[注] 本稿はCRISP_SCIENCEのCRISPR関連ツイート(2017年12月3日)に準拠しています。

1.CRISPR/Cas9タンパク質とドナーDNAを接合子にエレクトロポレーションすることで遺伝子編集ラットを作出
  • [出典] "Generation of gene-edited rats by delivery of CRISPR/Cas9 protein and donor DNA into intact zygotes using electroporation" Remy S, ~ Anegon I. Sci Rep. 2017 Nov 29;7(1):16554
  • マイクロインジェクションにかわりエレクトロポレーションにより、NHEJを介した15−50%のノックアウト効率、〜100-nt ssODNをドナー・テンプレートとして利用することで、25−100%のノックイン効率を実現。より長いssODNまたはss/dsDNAの挿入は実現せず。

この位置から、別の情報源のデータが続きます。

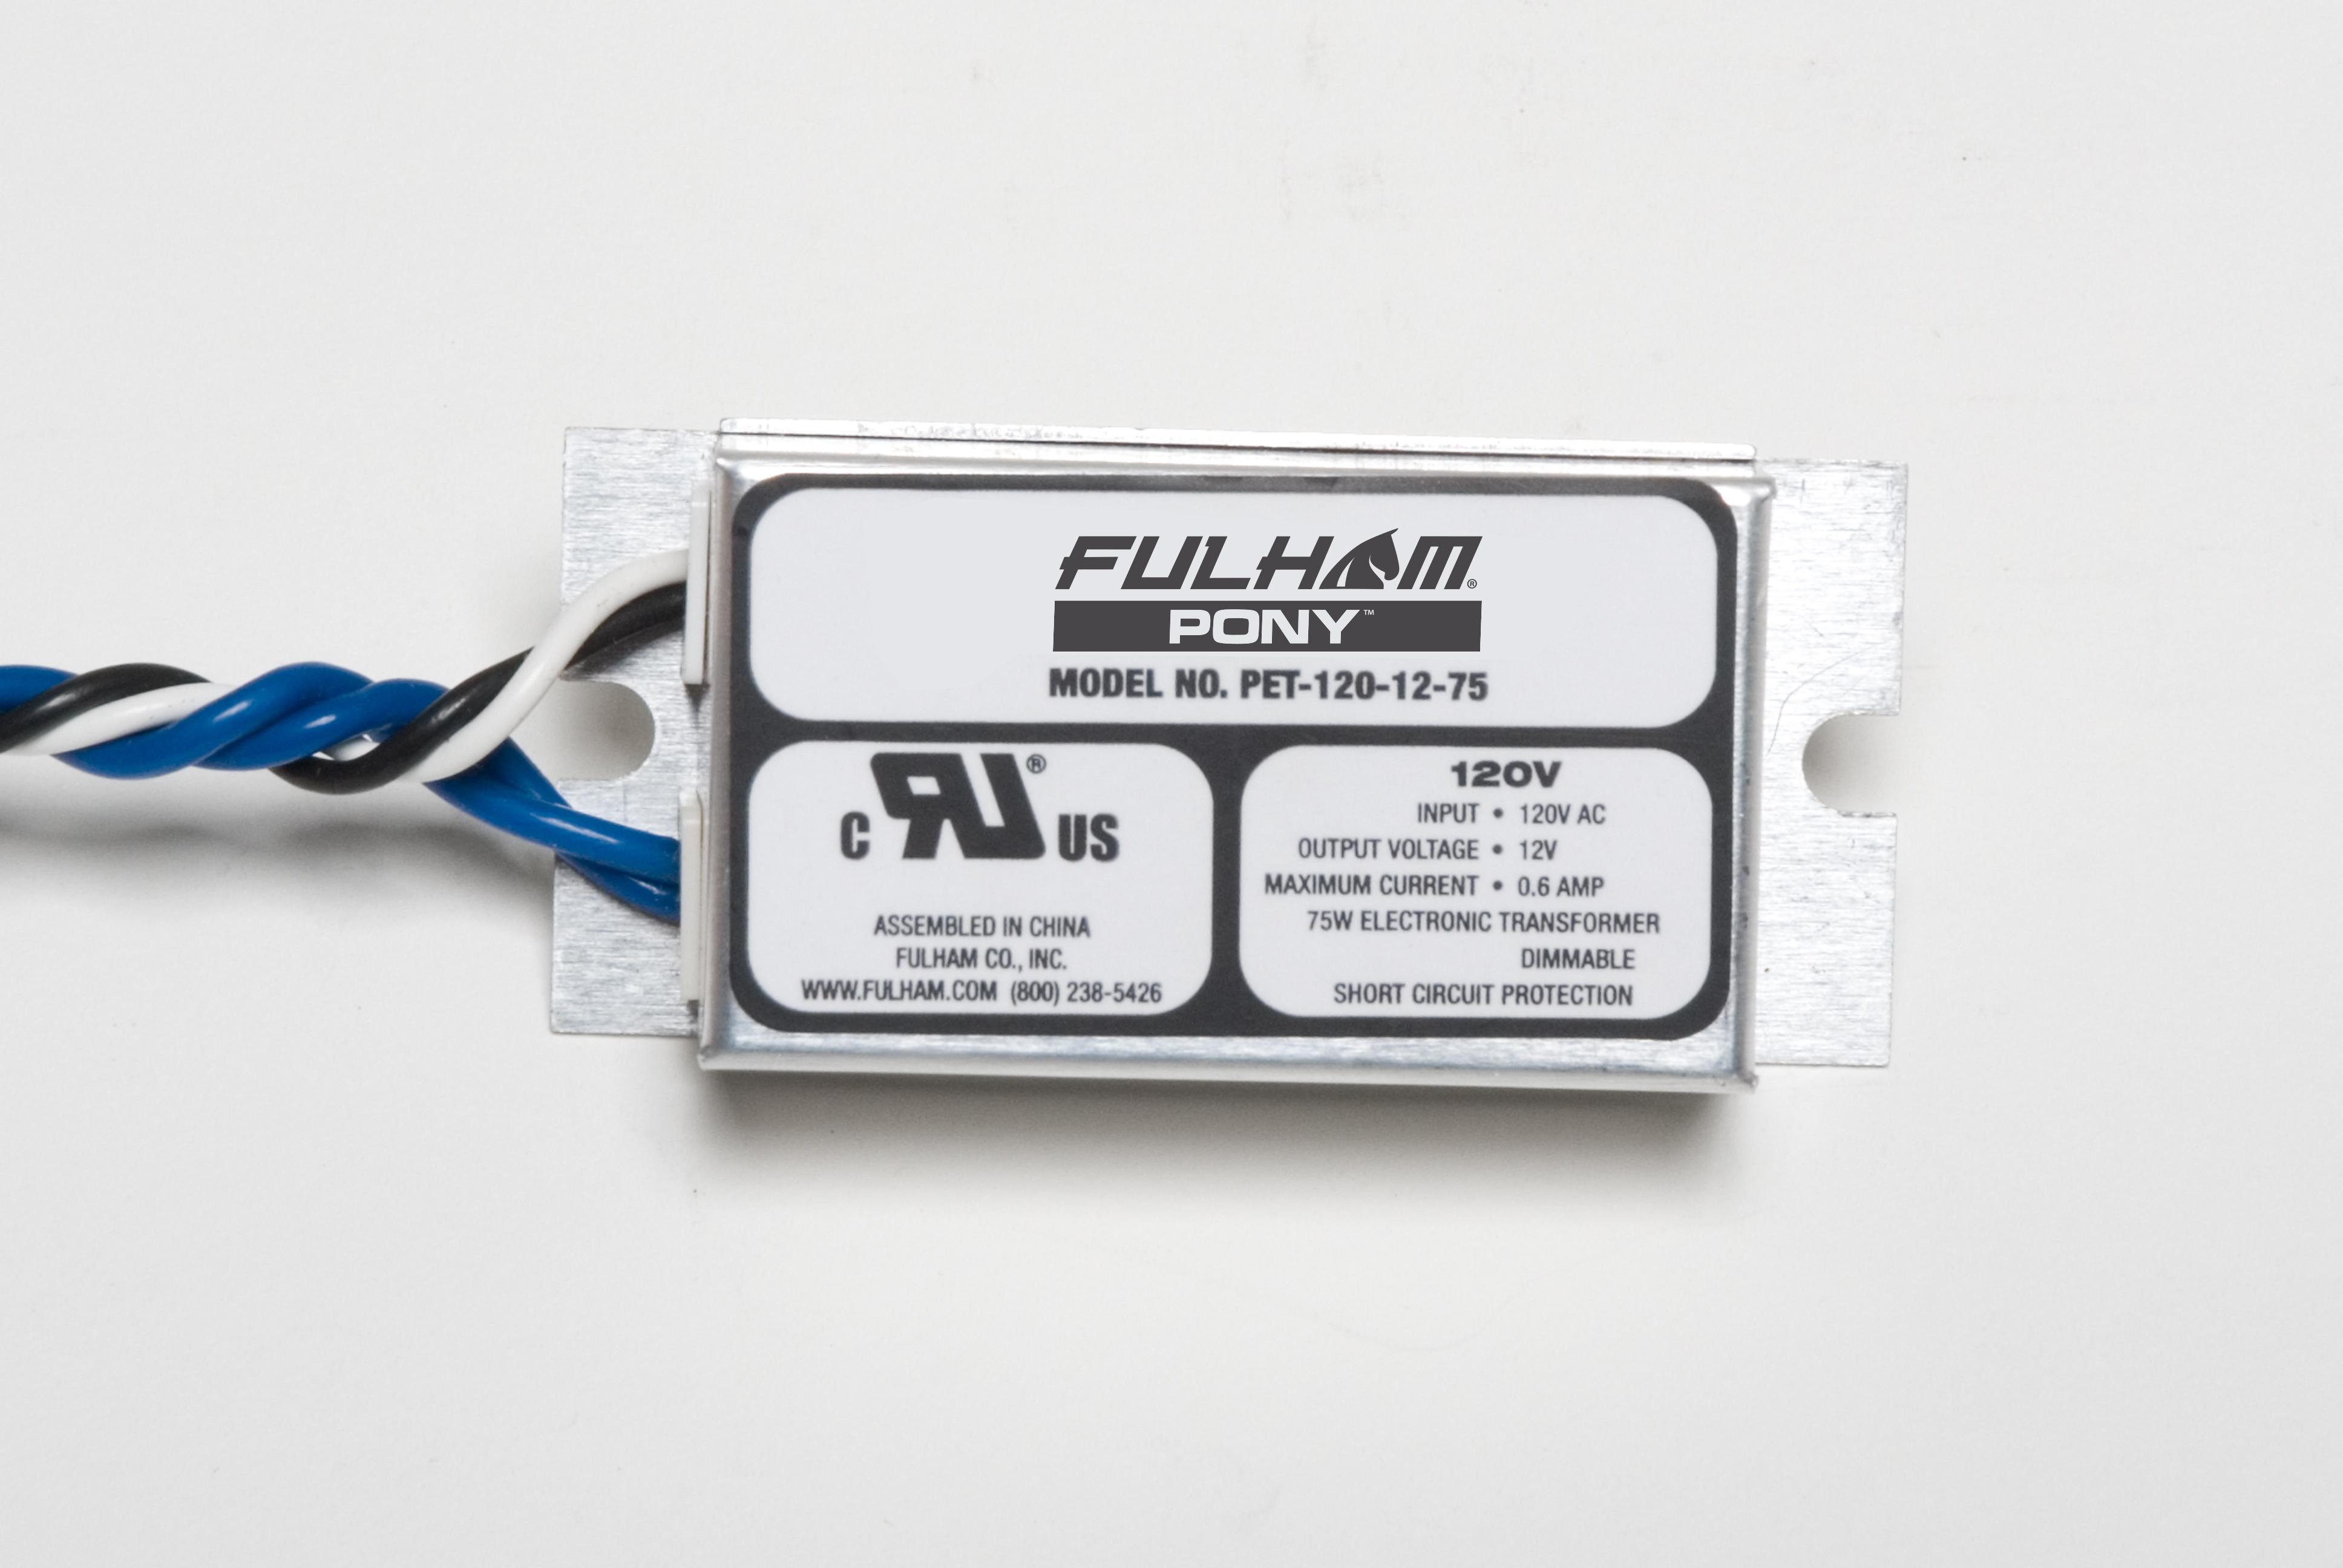 Fulham,PET-120-12-75,PONY Electronic Transformer - Low Voltage Step Down - 120V AC --> 12V DC - 75W

2.効率的なゲノム編集のためにブタ卵母細胞にCRISPR/Cas9 mRNAをマイクロインジェクションするタイミングは、電気刺激による活性化の6時間後(前核形成時)が最適
  • [出典] "Timing of CRISPR/Cas9-related mRNA microinjection after activation as an important factor affecting genome editing efficiency in porcine oocytes" Sato M, ~ Miyoshi K. Theriogenology. Available online 26 November 2017
  • 先行研究では電気刺激活性化直後にマイクロインジェクションすることでゲノム編集を実現したが、モザイク状の胚盤胞が発生し、また、編集効率は50%に止まった。今回、編集効率は69%に達したが、モザイク現象は減少しなかった。
3.BE3によるアフリカツメガエル胚の一塩基編集
  • [出典] "Targeted Base Editing via RNA-Guided Cytidine Deaminases in Xenopus laevis Embryos" Park DS, Yoon M, Kweon J, Jang AH, Kim Y, Choi SC. 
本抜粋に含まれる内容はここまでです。